BASS Social Anthropology and Philosophy / Course details

Year of entry: 2024

Course unit details:
Art and Society

Course unit fact file
Unit code SOCY30731
Credit rating 20
Unit level Level 3
Teaching period(s) Semester 1
Available as a free choice unit? Yes


The course unit aims to:

  • Investigate why people like art and whether this changes historically
  • Ask whether art is a good thing for society and critically examine the common association of art with positive social values like freedom and self-expression 
  • Look at the social conditions that make art possible: Why does putting a shower curtain or a dead cow into a gallery space make it into an artwork? What are the rules of such a procedure?
  • Ask what contemporary art practices tell us about the rest of our social institutions – what does art tell us about ourselves and our society? Why have some groups of people traditionally been excluded from art and how is this changing?
  • Investigate the function of art criticism. Who gets to talk about art and why? What are the effects of this discourse?


The course will consider what art is, including some time reflecting on its essentially purposeless character; the childish and absurd nature of its core practices, and the fact that there is common agreement that it is, nonetheless, important. This will lead into an examination of how classical social theorists, especially Marx, Durkheim and Weber understood art as a feature of modern societies.

The second half of the course turns to recent and contemporary developments in sociological thinking about art, including work that identifies it as a locus of resistance and as an agent of progressive social change. We will also explore the socially exclusive character of art and its institutions, looking particularly at the role of women in art and the problematic issue of art's claims to be 'universal' while for much of its history it has been dominated by white men. Discussion will also consider art's materials and whether 'popular' cultural forms like cinema or digital technologies might be included, in a democratic extension of what 'counts'.

Extensive use will be made of examples ranging from the re-discovery of perspective techniques in the European Renaissance, through the development of abstraction in painters like Hilma af Klint, down to contemporary relational and digital artworks. The examples will be chosen for their illustrative value in relation to a concept or issue being discussed in that week's session. Towards the end of the course there will be the opportunity to explore whether 'art' continues to be a meaningful designation or if other manifestations of human creativity and alternative institutions might be inheriting some of its powers.

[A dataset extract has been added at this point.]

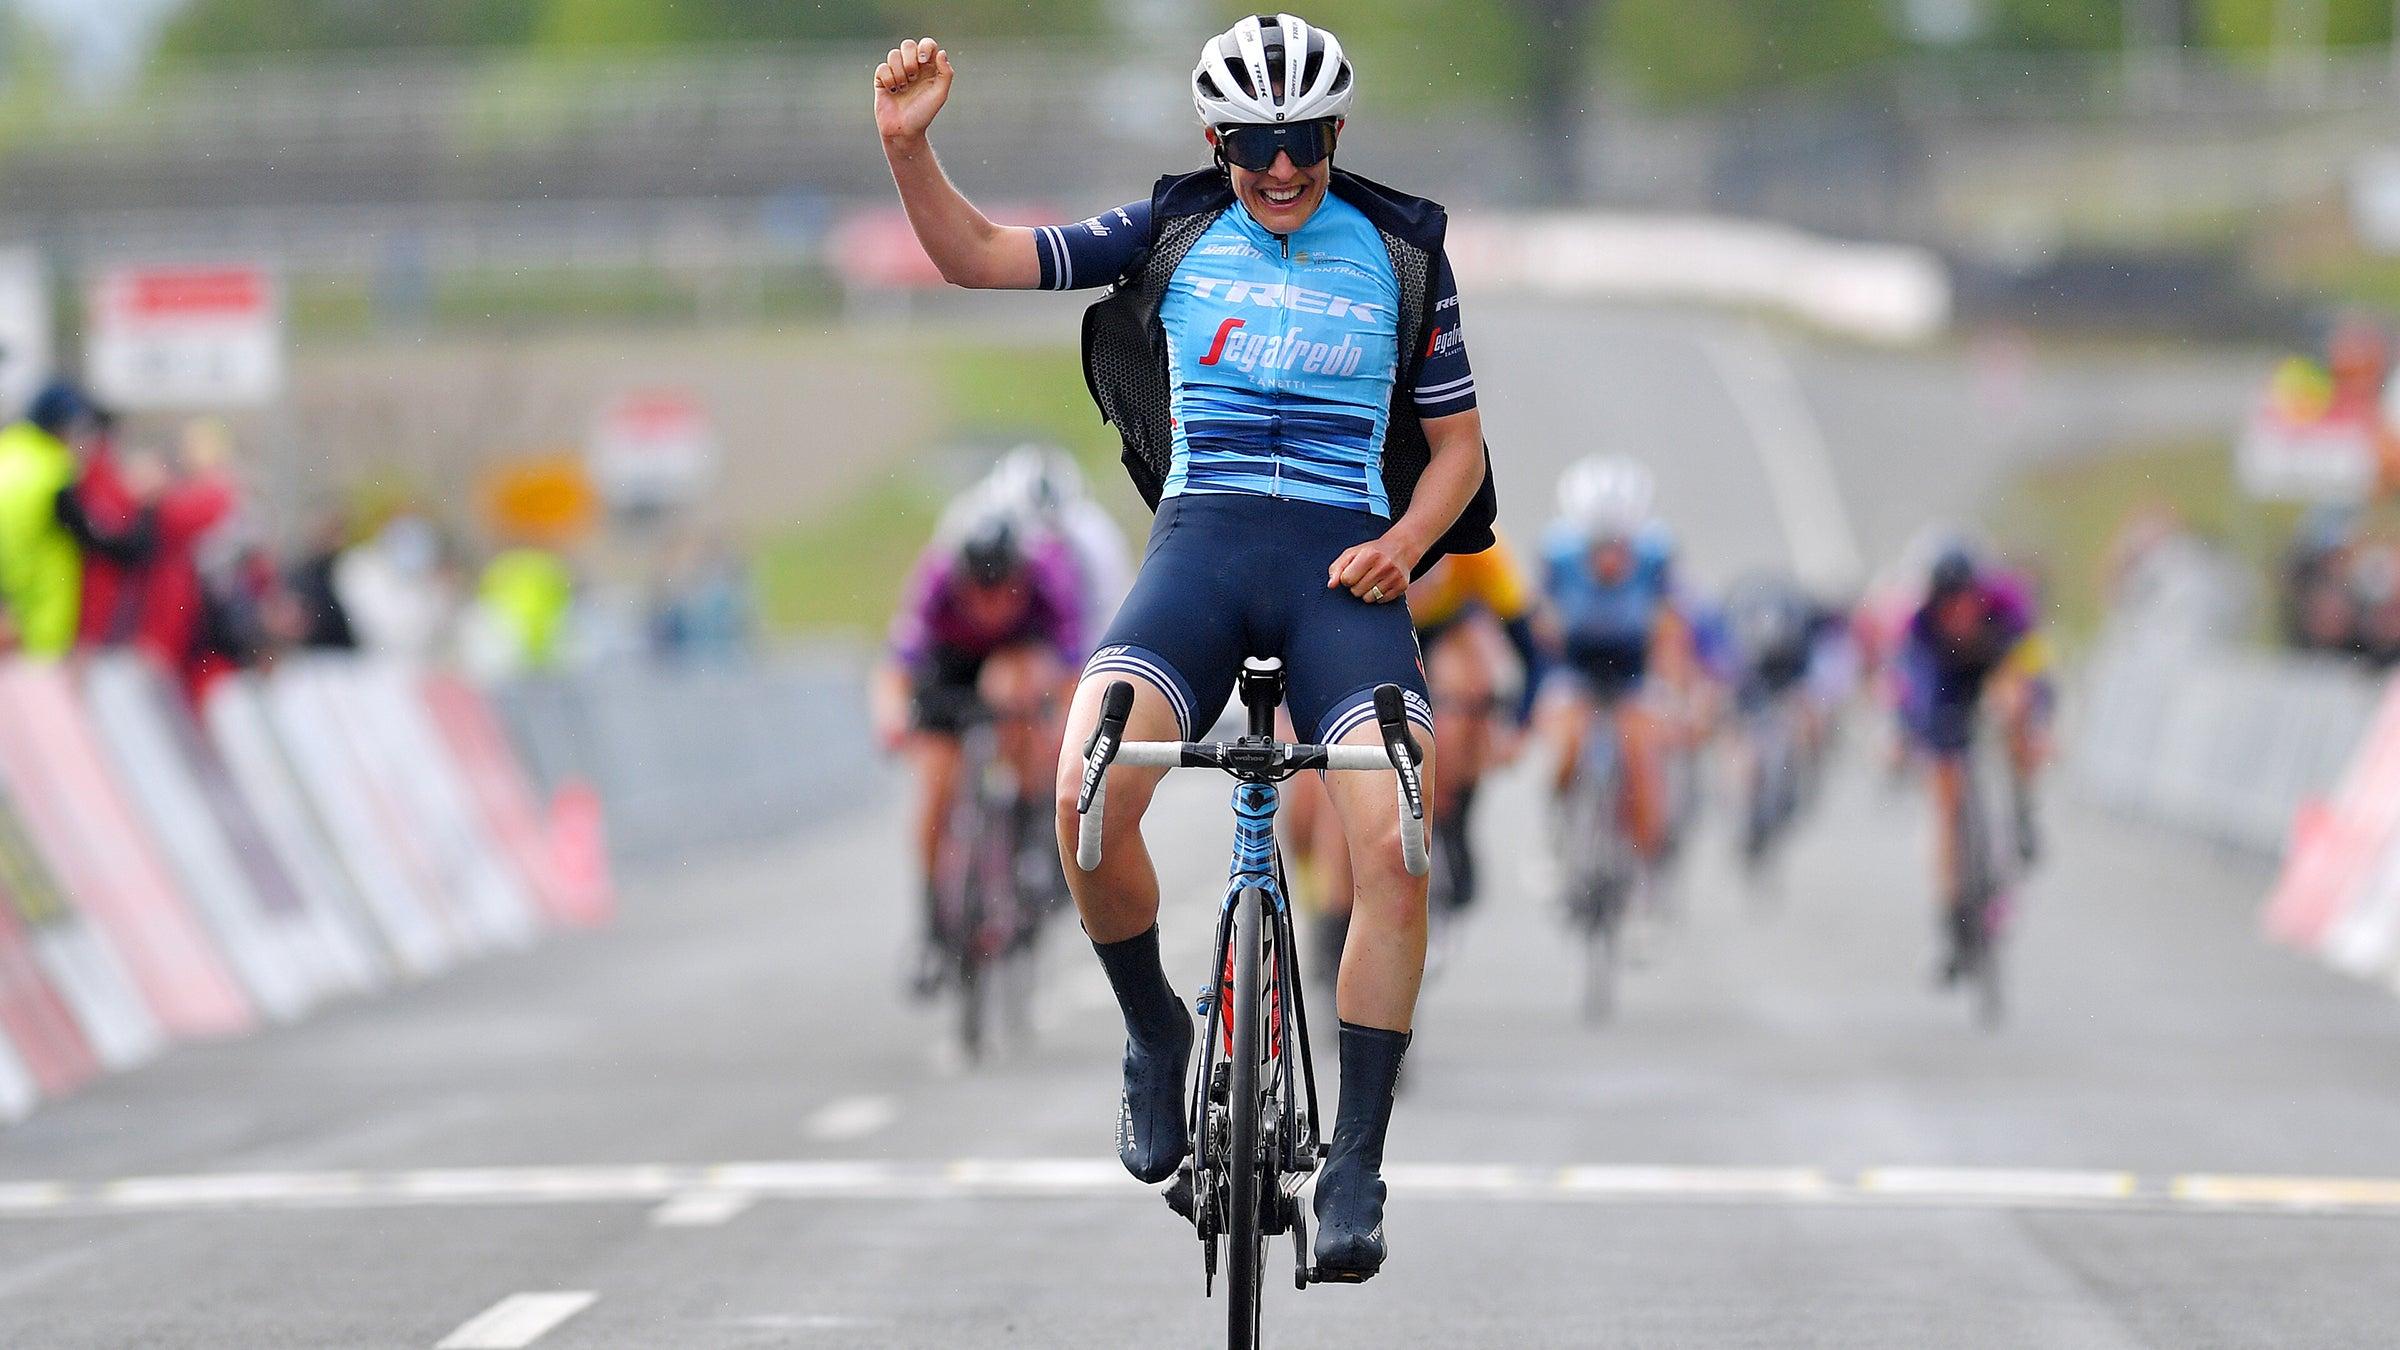 VN-ticker: Lucinda Brand wint LOTTO-Thüringen etappe 3, Brandon McNulty, Joe Dombrowski rijden Critérium du Dauphiné

Indicative sessions (subject to some variation)

  1. What is art and why does it matter?
  2. Art in classical social theory
  3. Ideology, function and change
  4. The social production of taste
  5. Economy and markets
  6. Art as criticism and resistance
  7. Art's materials: technique and technology
  8. Avant garde: can art create progress?
  9. Indigenous art and the invention of tradition
  10. Review

Teaching and learning methods

A one-hour lecture will describe the topic for that week, highlighting the main readings and the main discussion points. These will be followed by a two-hour workshop in which students will work in groups to present their own ideas and examples, They will be encouraged to draw on examples from the history of art and, where appropriate, to use visual technology to present these to the class. The presentations will be placed on Blackboard, creating a record of the evolving discussion and points of reference as it develops over the course of the semester.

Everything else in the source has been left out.